Study: For $1,000, You Can Track And Follow Someone's Cellphone Anywhere

NEW YORK (CBSNewYork) -- A new study found that for roughly $1,000, someone can turn online advertising into a cyberstalking tool.

University of Washington researchers found an individual user can purchase online advertisements and target specific phones with those ads. In turn, they can potentially track a person's daily movements within 25 feet and monitor which apps are in use, or trigger an alert 10 minutes after visiting a specific location.

That information could be used for something as simple as an advertiser learning where you go for coffee, or in the wrong hands, it could be used by someone to break into someone's house when they are not there.

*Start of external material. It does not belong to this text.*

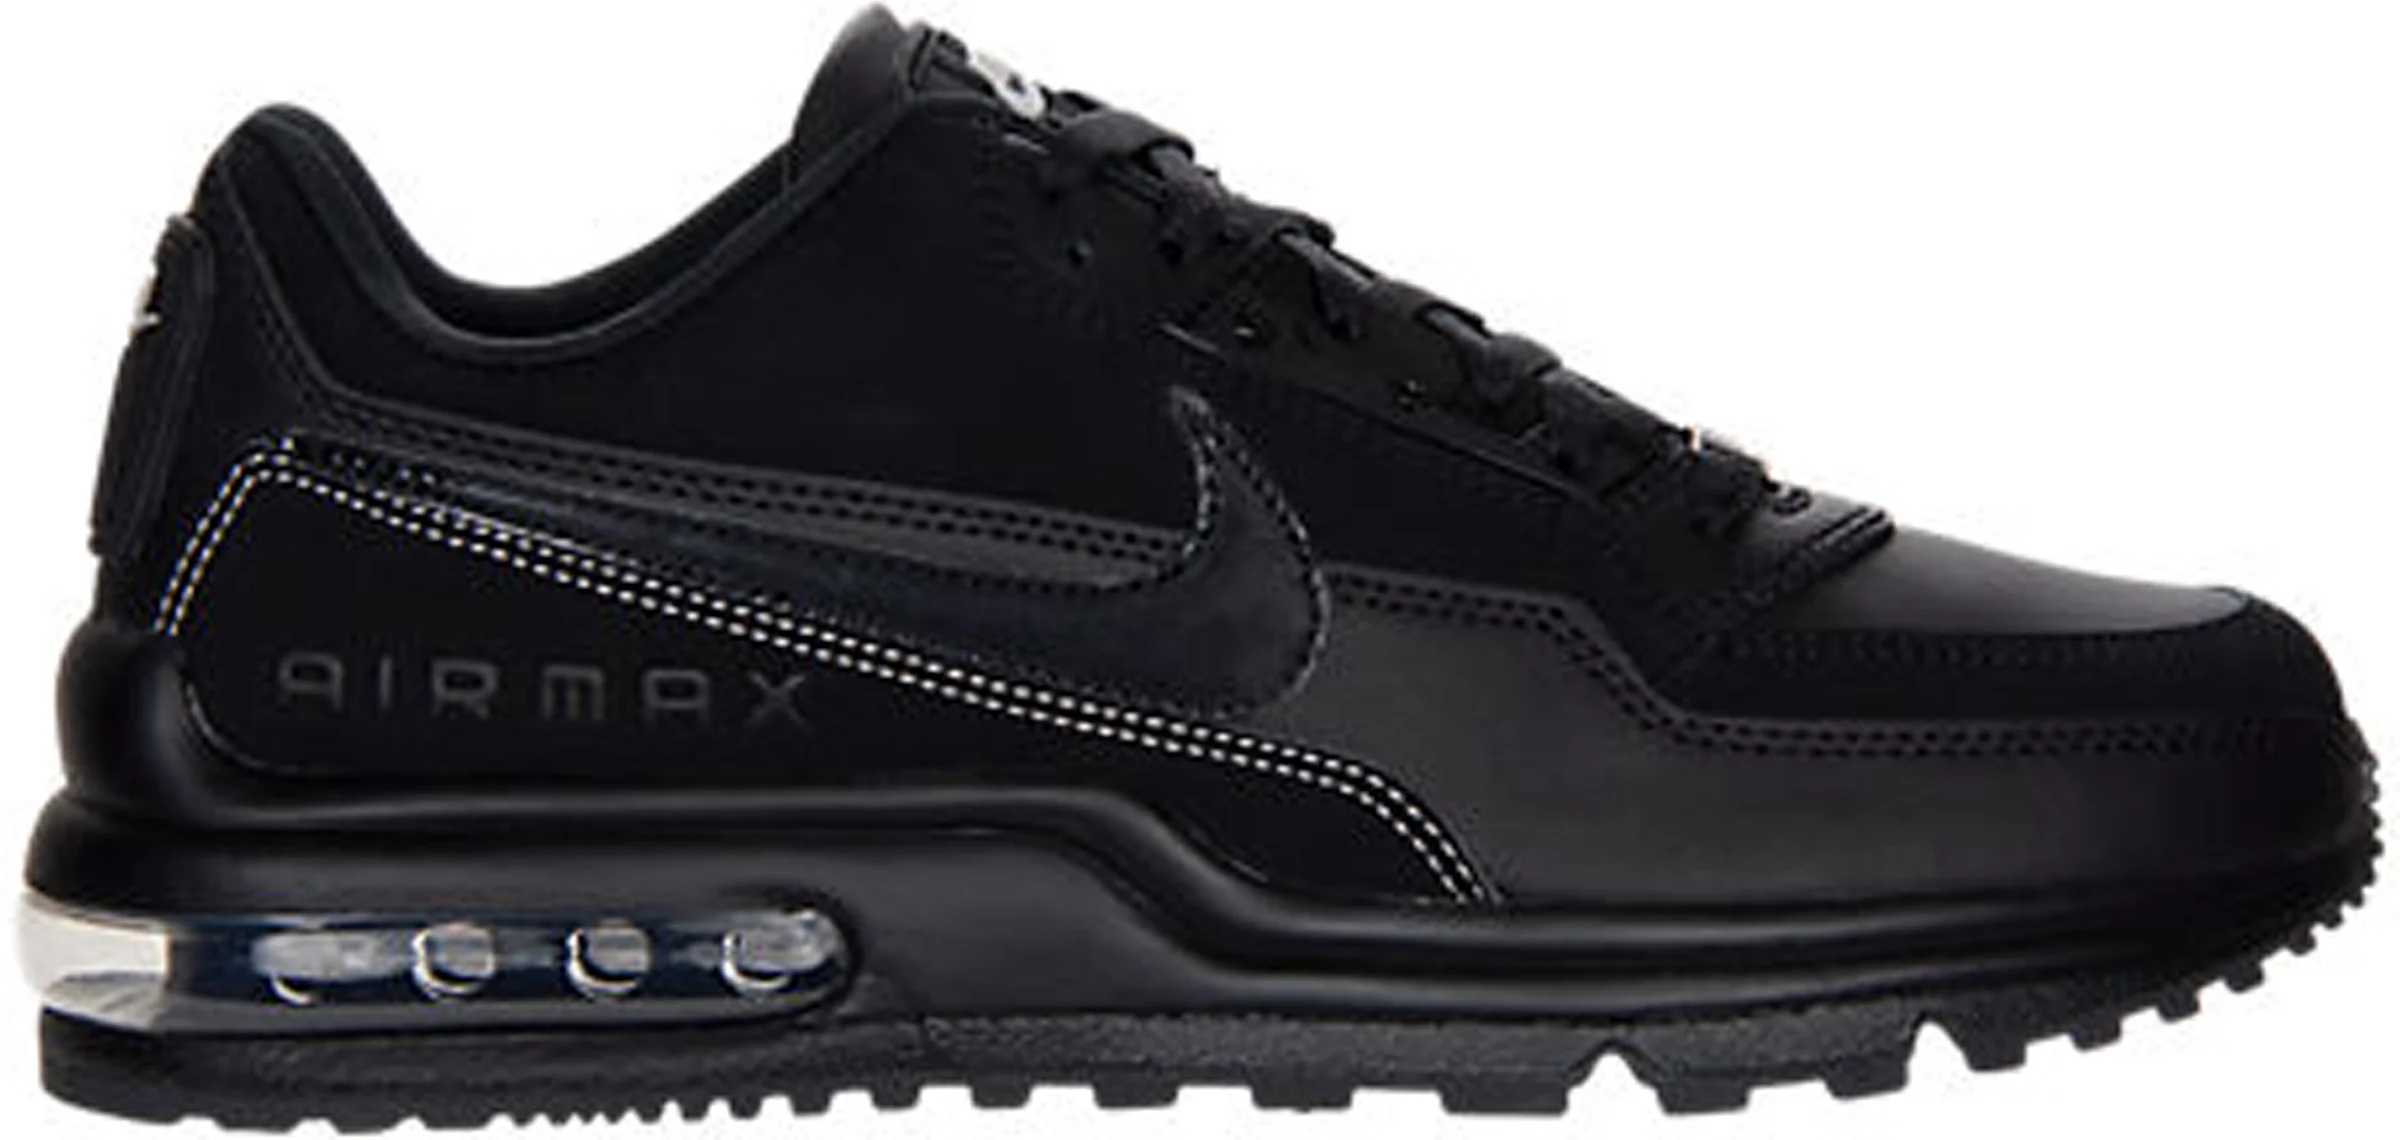 Nike Air Max LTD Triple Black メンズ - 316376-003 - JP

To become a target, someone needs a mobile advertising ID specific to a phone. They can get it anytime the owner clicks on a mobile ad or logs on to an unsecured Wi-Fi router.

Frequently resetting the mobile advertisting ID on a smartphone, a feature many smartphones now offer, can help disrupt cyberstalkers plans. Depending on the model and operating system, ad tracking limits can be customized under a phone's privacy or location services settings.

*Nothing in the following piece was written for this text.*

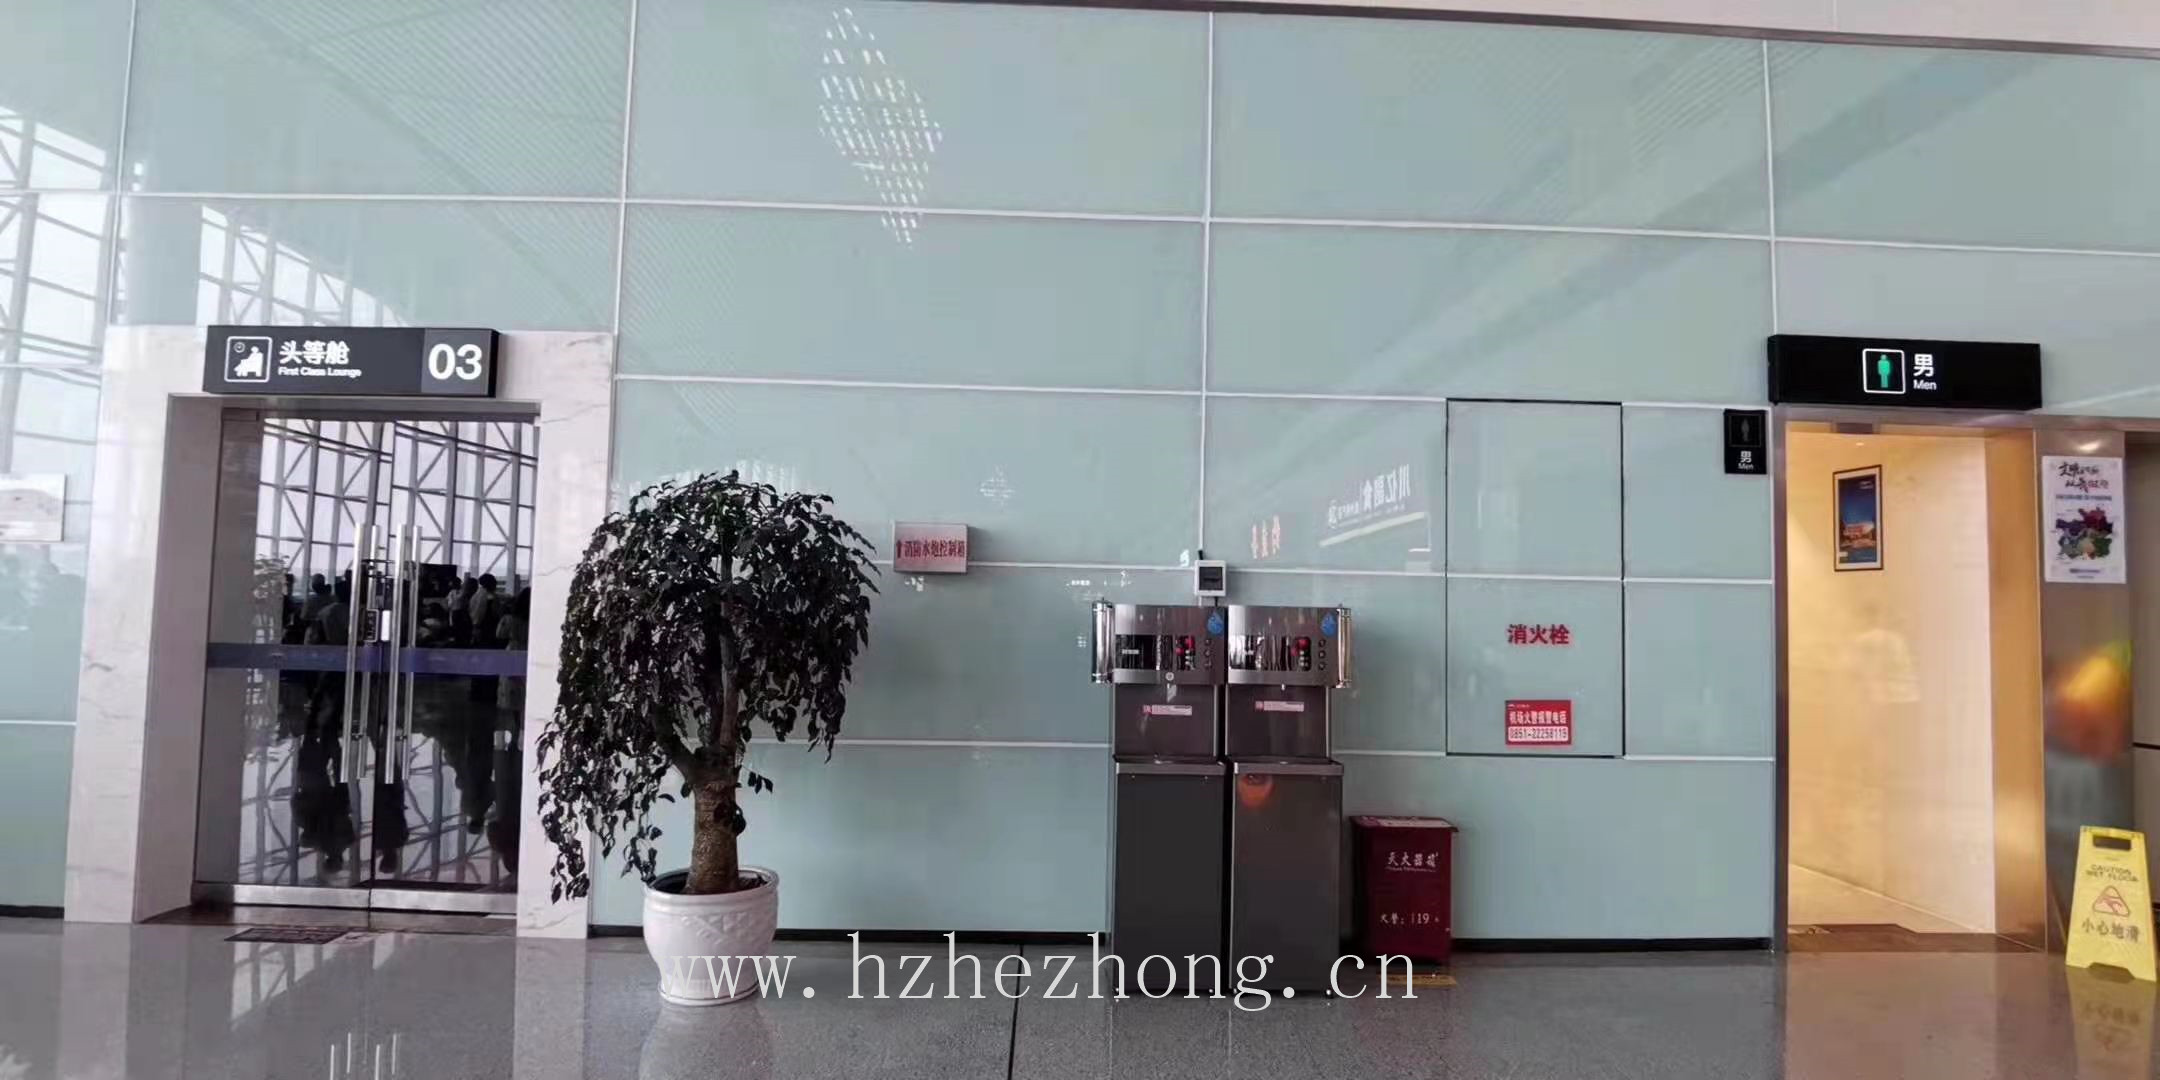 How about he Zhong water purifier Guizhou Maotai Airport use he Zhong brand water dispenser

The research about the threat will be presented Oct. 30 at the Association for Computing Machinery's Workshop on Privacy in the Electronic Society, according to the university.

"Anyone from a foreign intelligence agent to a jealous spouse can pretty easily sign up with a large internet advertising company and on a fairly modest budget use these ecosystems to track another individual's behavior," said lead author Paul Vines, a recent doctoral graduate in the UW's Paul G. Allen School of Computer Science & Engineering.

A press release on the study says the research team was able to track a person's movements across the city during a morning commute by serving location-based ads to the target's phone.

"To be very honest, I was shocked at how effective this was," said co-author Tadayoshi Kohno, an Allen School professor who has studied security vulnerabilities in products ranging from automobiles to medical devices.